One response to what I’m saying is: Yes, the people in the field will of course make lots of mistakes, but they’re still at the forefront, and so the aggregate of their guesses about what new talent should do represent our best guess.
My counterresponse: No, that doesn’t follow. There’s a separate parameter of “how much do we (the people in the field) actually know about how to turn effort into progress, as opposed to not knowing and therefore needing help in the form of new talent that tries new approaches to turning effort into progress”. At least as of a couple years ago, my sense was that nearly all experts working on AI safety/alignment would agree that 1. their plans for alignment won’t work, and 2. alignment is preparadigmatic. (I’m not confident that they would have said so, or would say so now.)
Depending on the value of that parameter, conflating “the current job and funding market” with “technical AI safety” makes more or less sense.

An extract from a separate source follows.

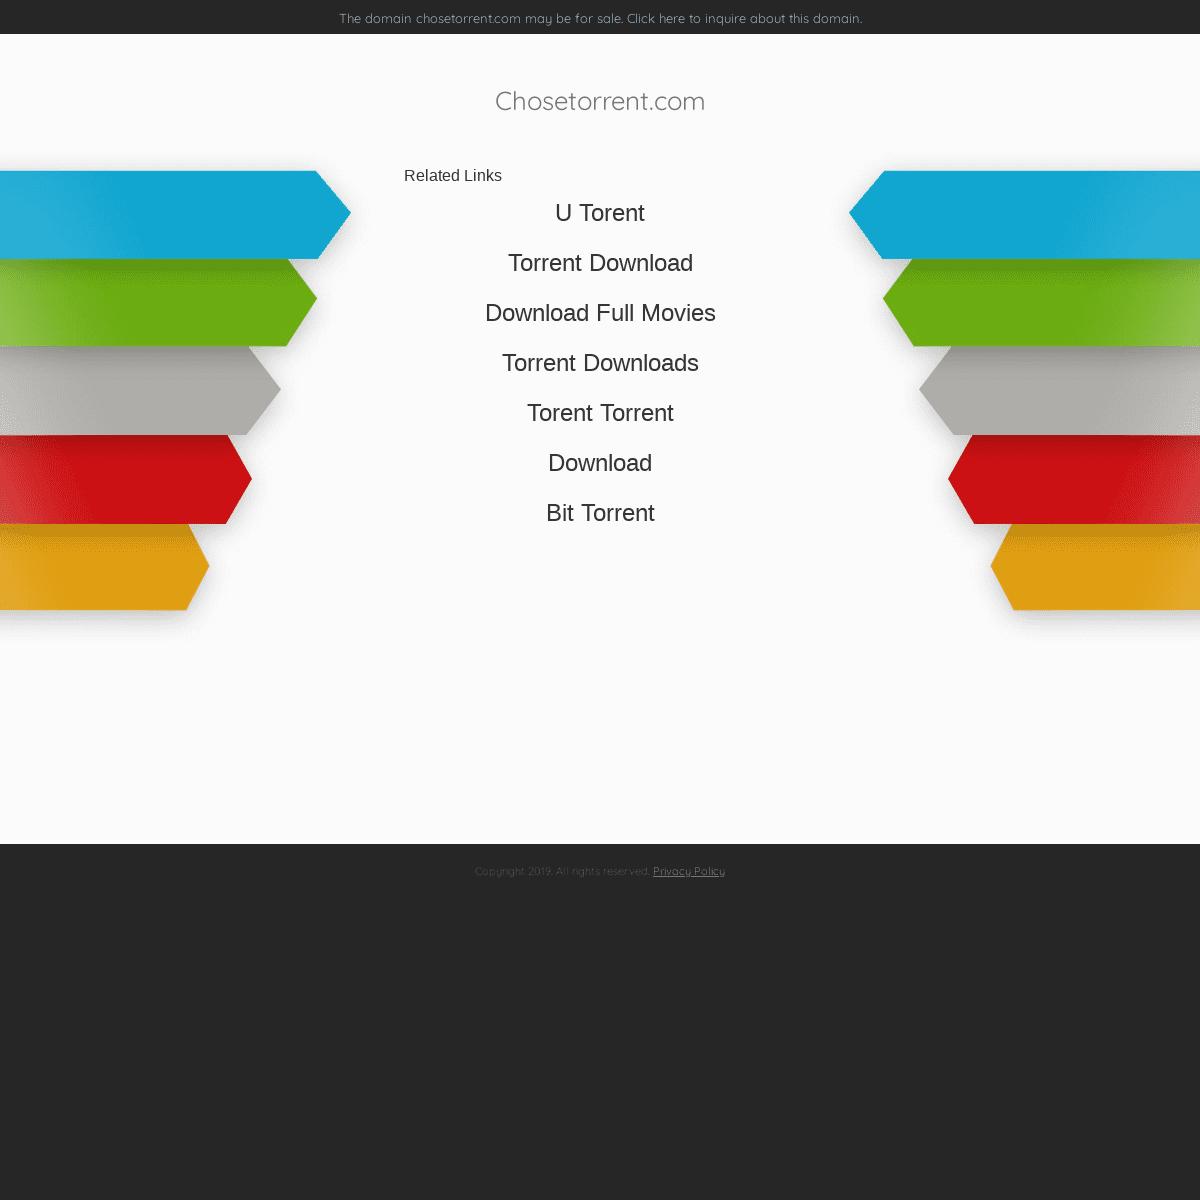 Chosetorrent.com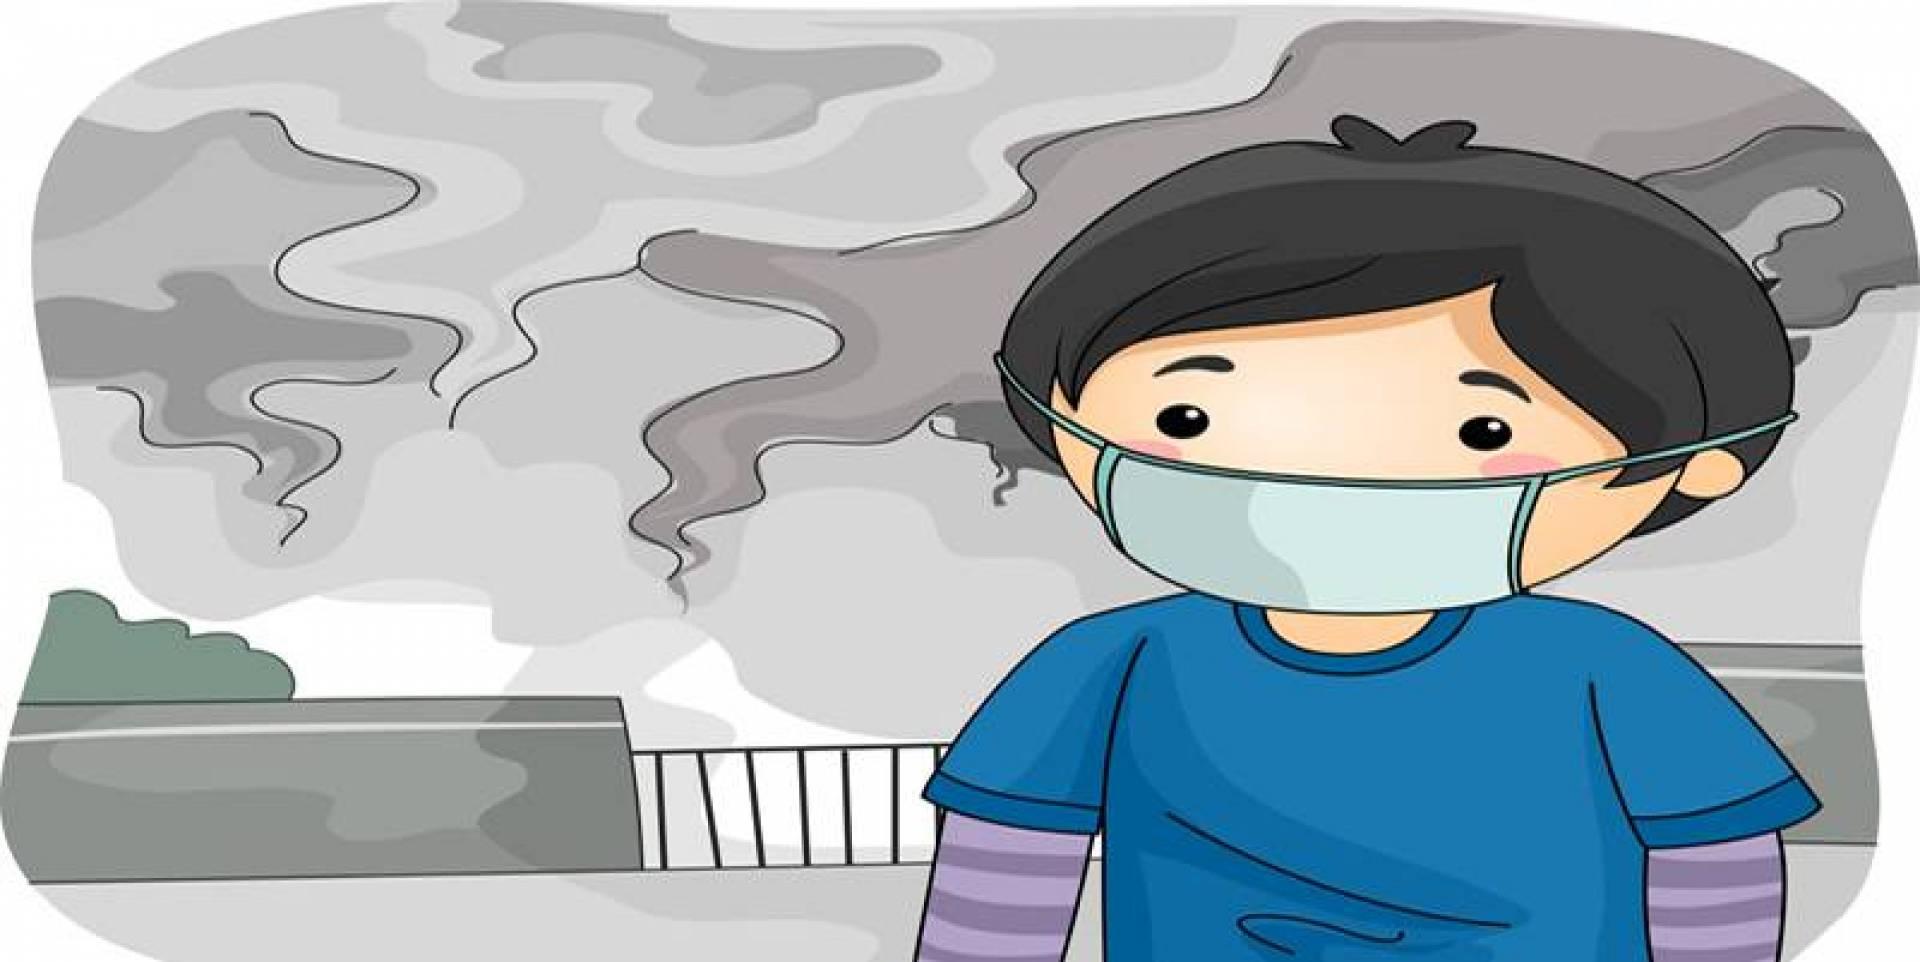 الهواء الملوث يصيب الأطفال والمراهقين بأمراض عصبية خطيرة

Further, to the extent that people inappropriately conflate these two things, these two things become even more distinct. (Cf. Dangers of deference.)
I think there might be a simple miscommunication here: in our title and report we use “talent needs” to refer to “job and funding opportunities that could use talent.” Importantly, we generally make a descriptive, not a normative, claim about the current job and funding opportunities. We could have titled the report “Open and Impactful Job and Funding Opportunities in Technical AI Safety,” but this felt unwieldy. Detailing what job and funding opportunities should exist in the technical AI safety field is beyond the scope of this report.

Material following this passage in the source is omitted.